*** AVAILABLE DATA ***

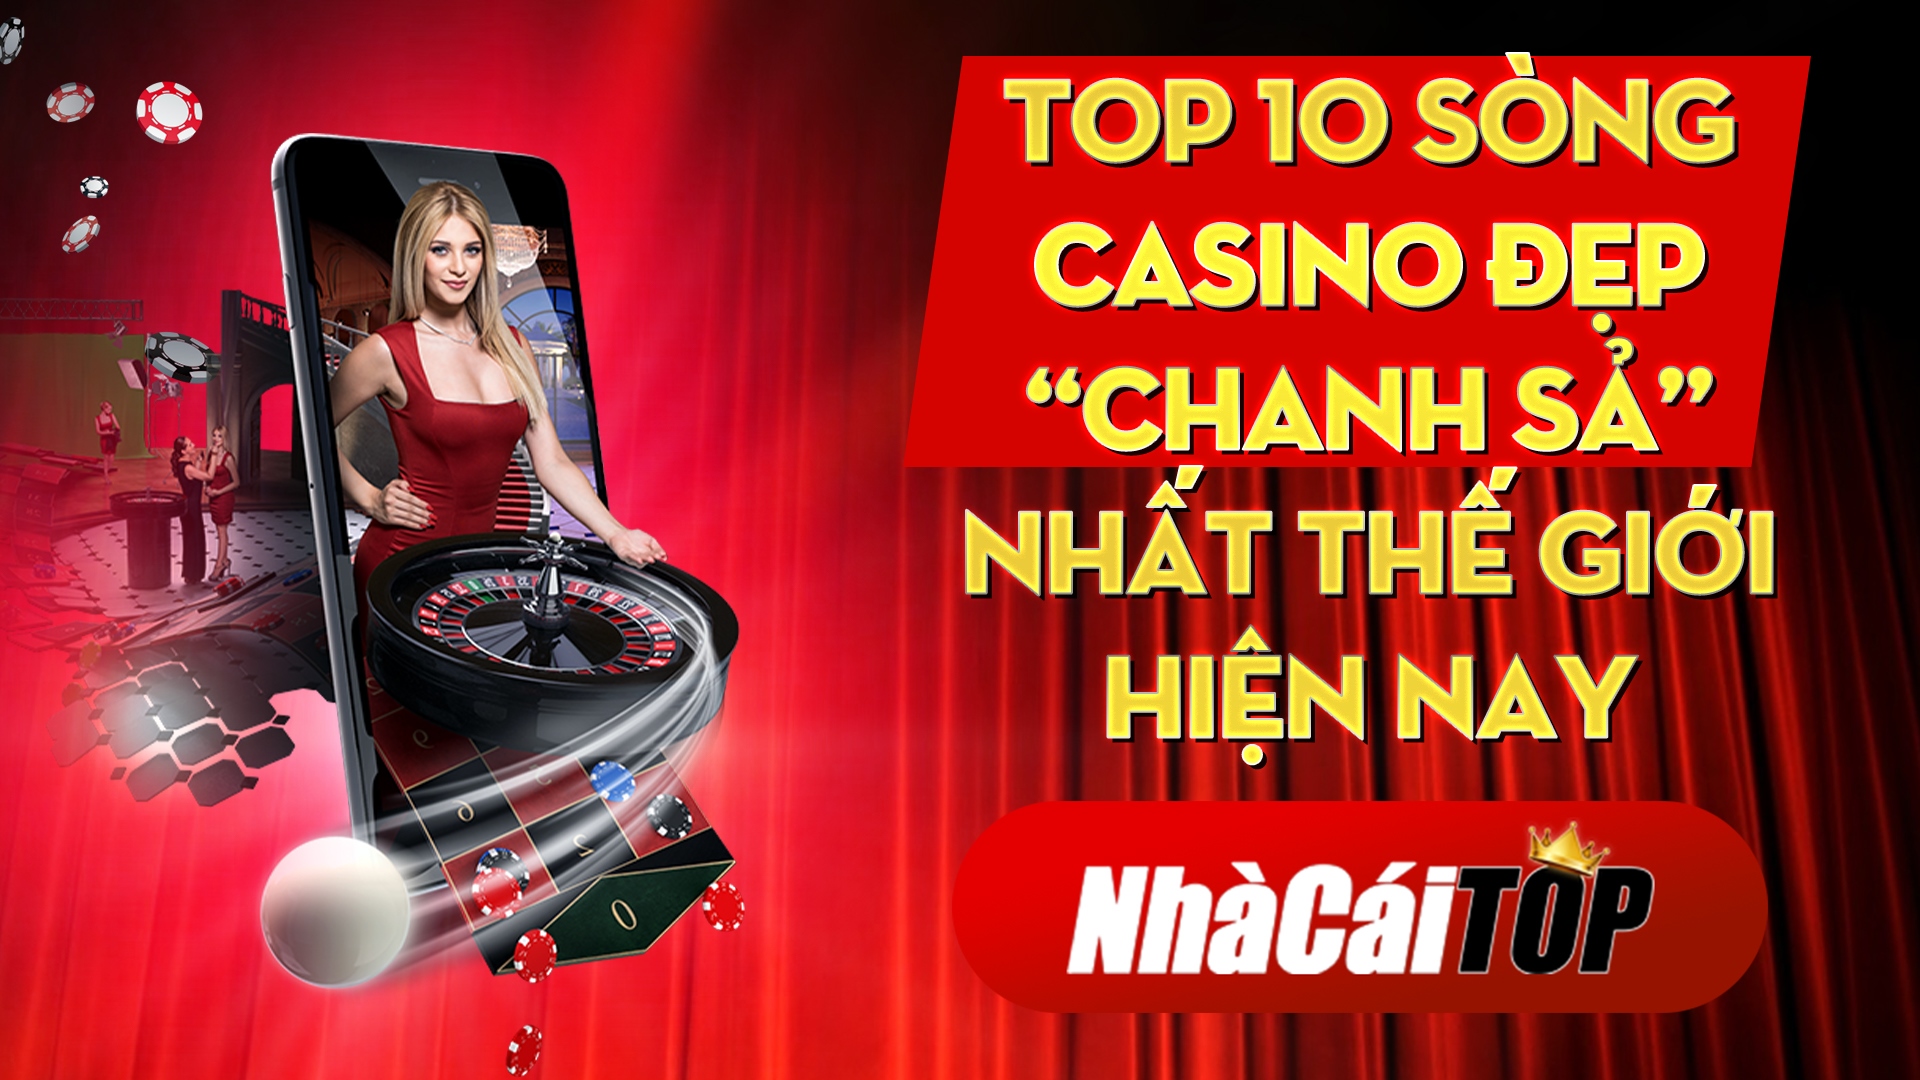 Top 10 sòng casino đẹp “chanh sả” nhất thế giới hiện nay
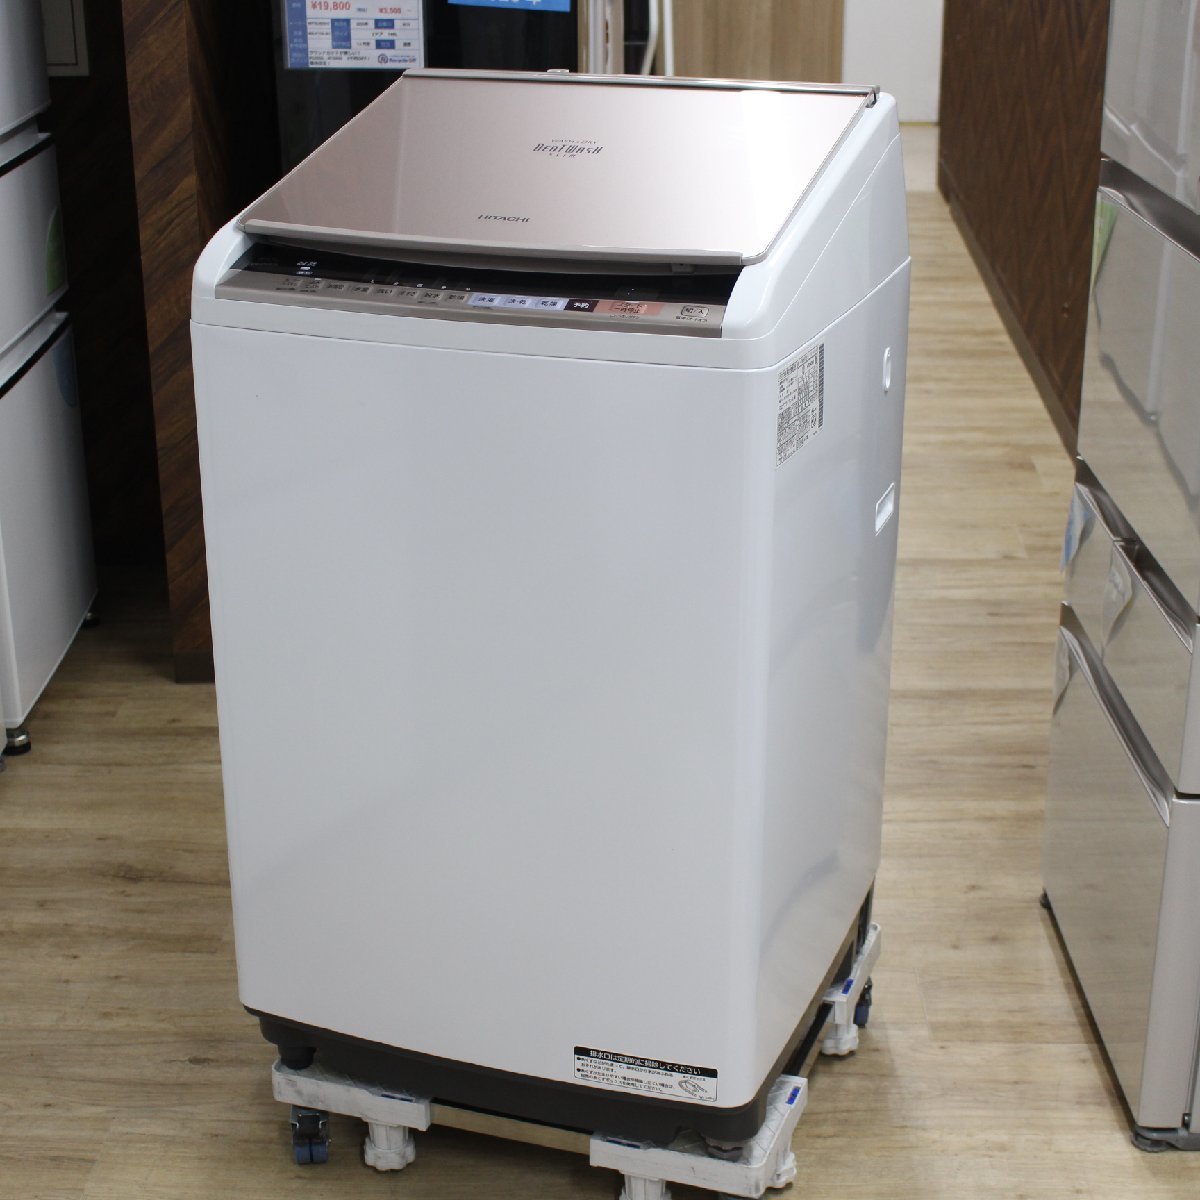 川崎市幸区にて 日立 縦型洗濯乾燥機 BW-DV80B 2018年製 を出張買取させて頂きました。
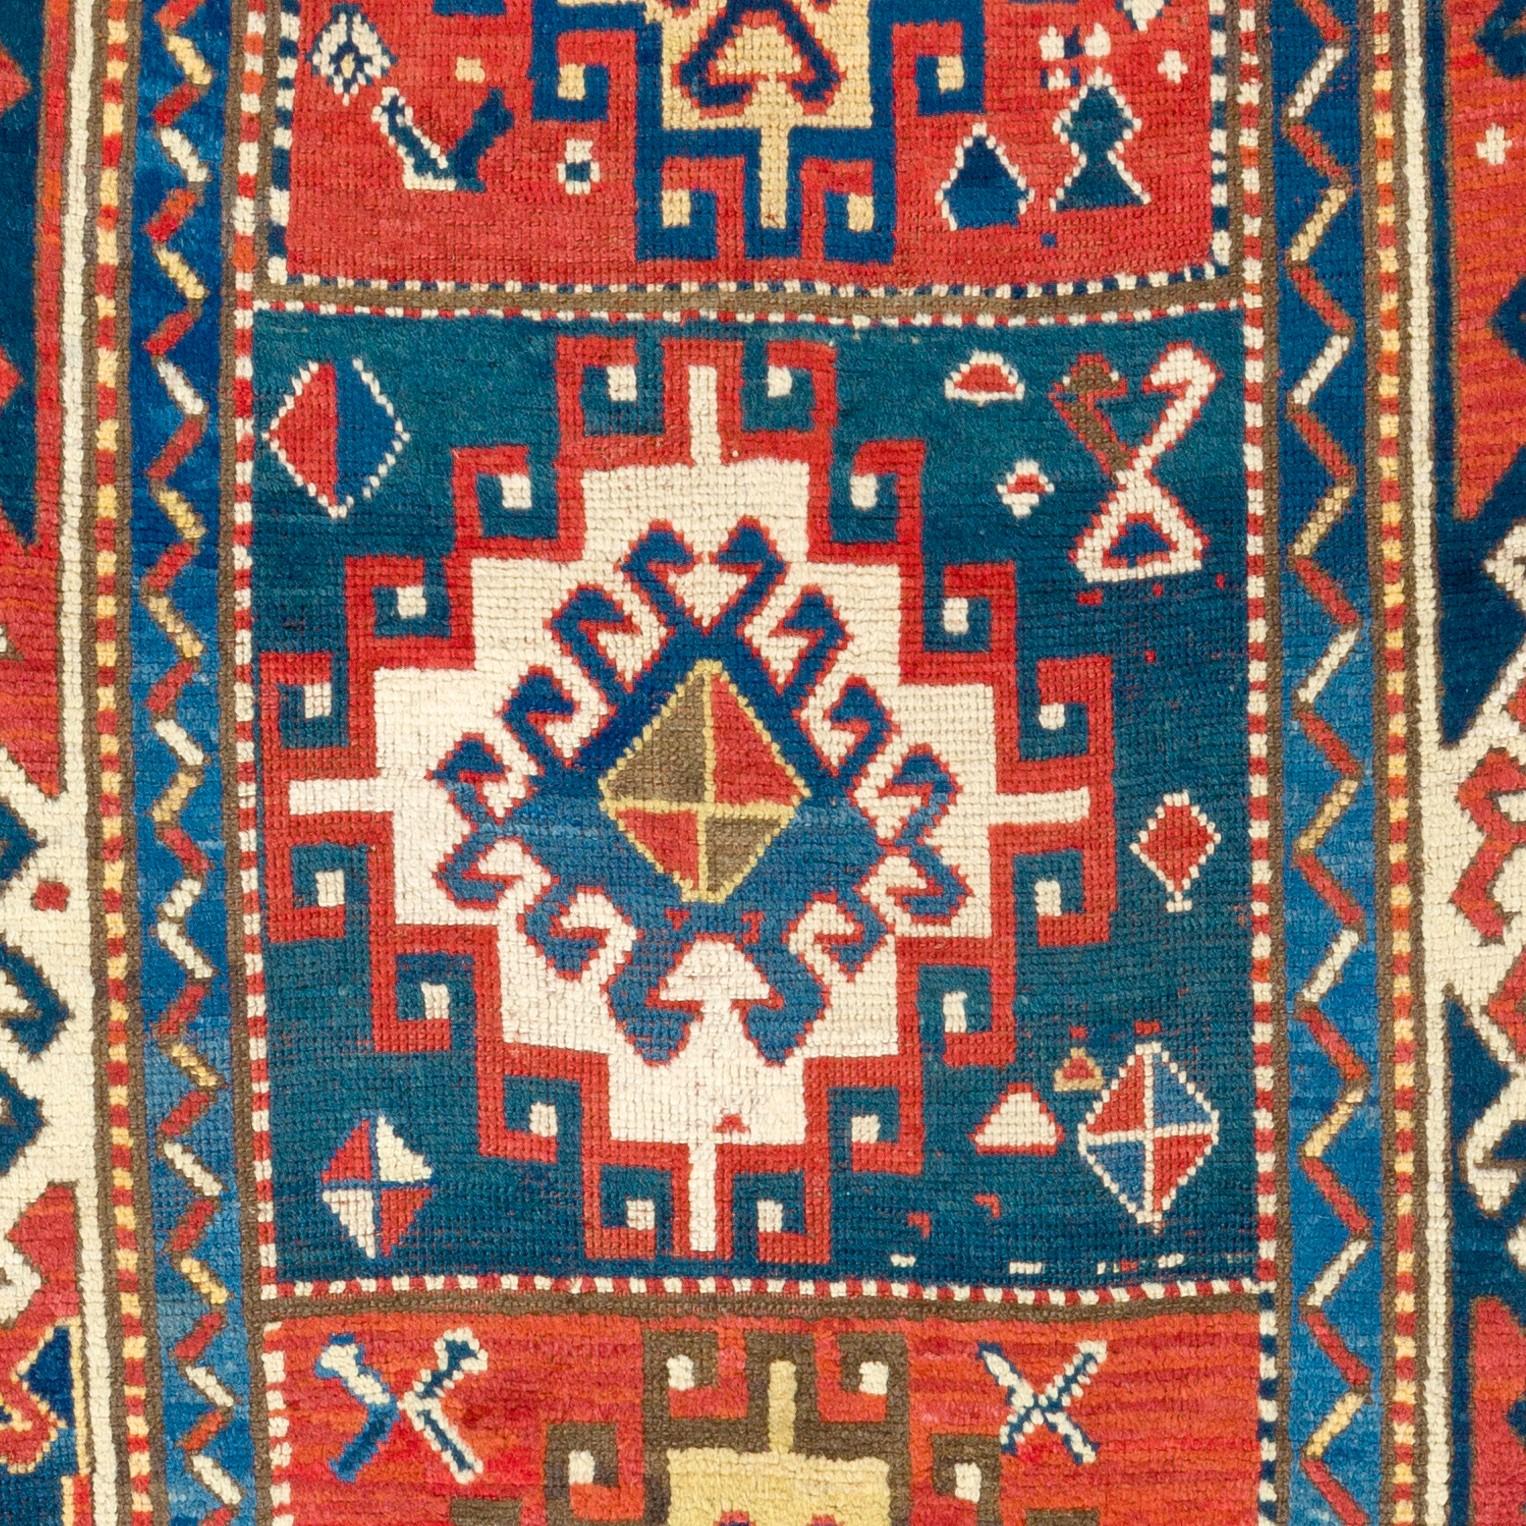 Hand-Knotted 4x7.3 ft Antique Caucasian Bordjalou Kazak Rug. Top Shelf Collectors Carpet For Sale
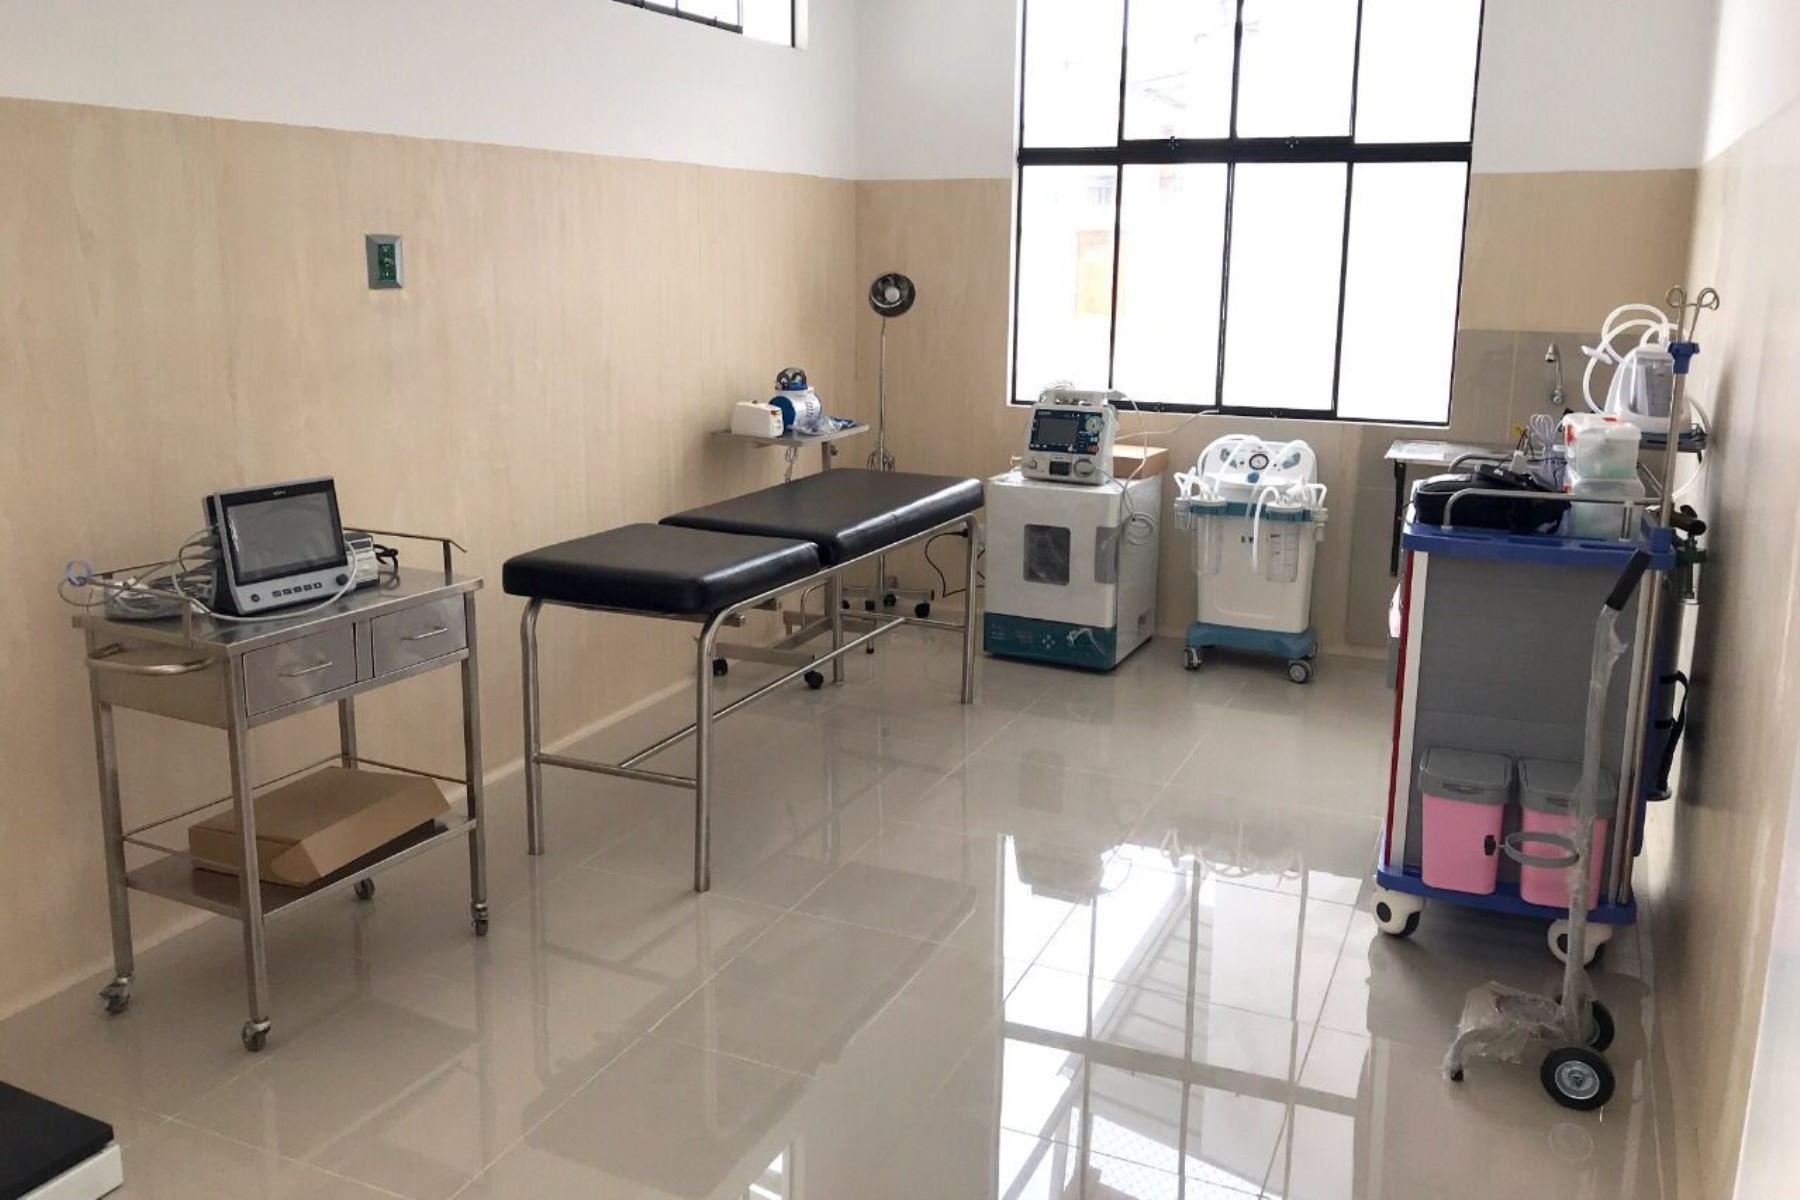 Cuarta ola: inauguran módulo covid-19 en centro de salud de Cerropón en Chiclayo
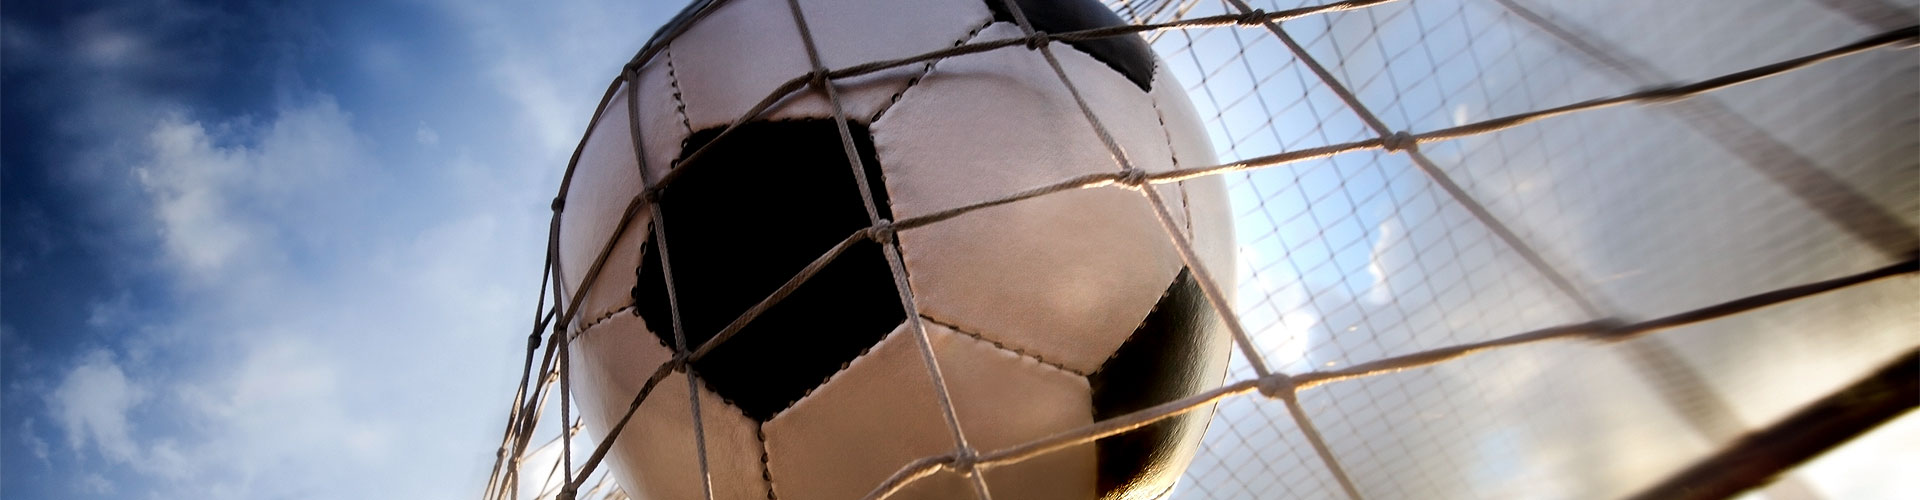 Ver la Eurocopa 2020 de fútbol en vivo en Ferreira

***

The entries are to be printed exactly as written; the pictures are to be left out.

 Top 10 sòng casino đẹp “chanh sả” nhất thế giới hiện nay
 川崎市幸区にて 日立 縦型洗濯乾燥機 BW-DV80B 2018年製 を出張買取させて頂きました。
 Hand-Knotted 4x7.3 ft Antique Caucasian Bordjalou Kazak Rug. Top Shelf Collectors Carpet For Sale
 Cuarta ola: inauguran módulo covid-19 en centro de salud de Cerropón en Chiclayo
 Ver la Eurocopa 2020 de fútbol en vivo en Ferreira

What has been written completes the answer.